Dünyayı açıklıkla görmek ama dünyayı açıklık, kendi önüne bakarak olabilecek bir şey değil; kendi önüne bakarak yazılan bir yazı — ne anlatırsa anlatsın — öznesi insan olan bir yazıdan kurtulmamız çok zor diye düşünüyorum.
U.P.: Çok teşekkürler Deniz Hanım. Bu program serisinin sonuna geldik, bugün de süremizi tamamladık. Ben ne kadar teşekkür etsem azdır size, eksik olmayın, ağzınıza sağlık. İyi ki geldiniz, iyi ki buradasınız. Çok çok teşekkürler.
D.G.: Ben de çok teşekkür ederim bu çağrınız, bu davetiniz için…

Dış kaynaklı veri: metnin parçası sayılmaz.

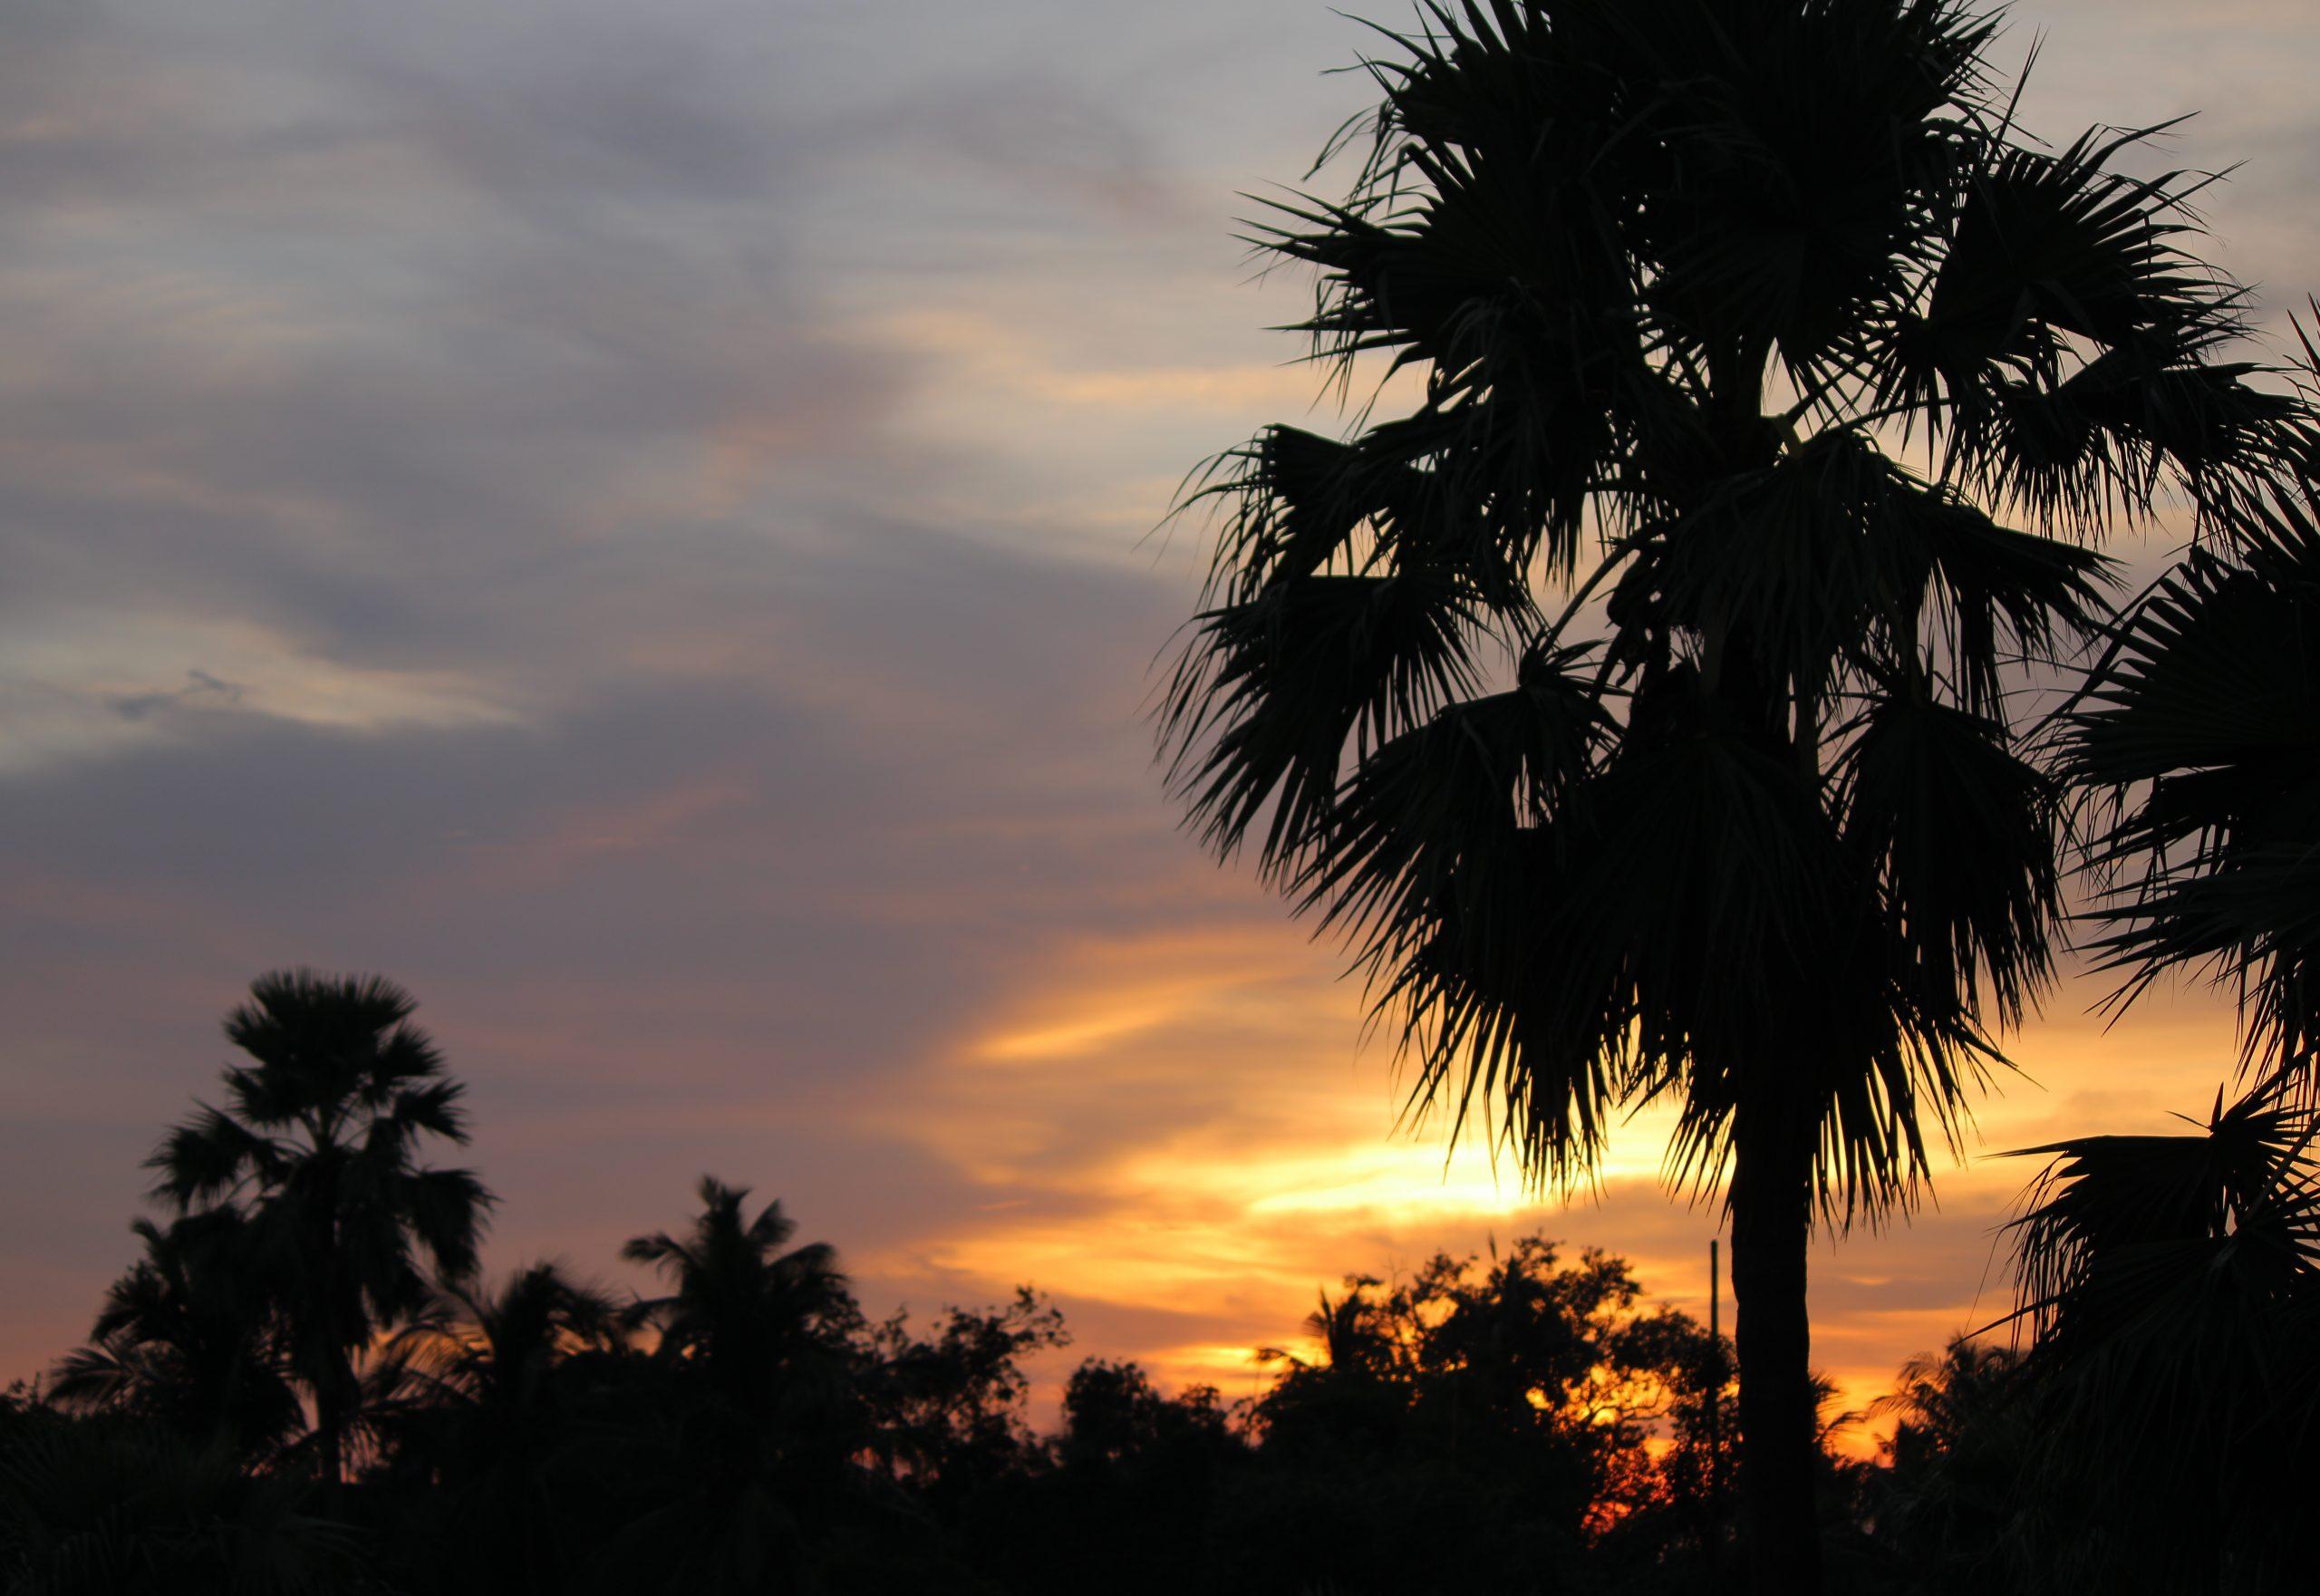 A Sunset Shot Behind A Tree

U.P.: Eksik olmayın. Antroposen Sohbetler'in bugün sonuna geldik. Bu iki bölümlük seride, ‘Canlıların Dili, Sessizliğin Hafızası’ başlığı altında Deniz Gezgin ile birlikte Antroposen kavramına, doğanın, tabiatın hafızasını ekleyerek bakmaya çalıştım. Çok kıymetli bir söyleşi olduğunu düşünüyorum. Önümüzdeki haftalarda tekrar Antroposen Sohbetler’de buluşmak üzere hoşçakalın.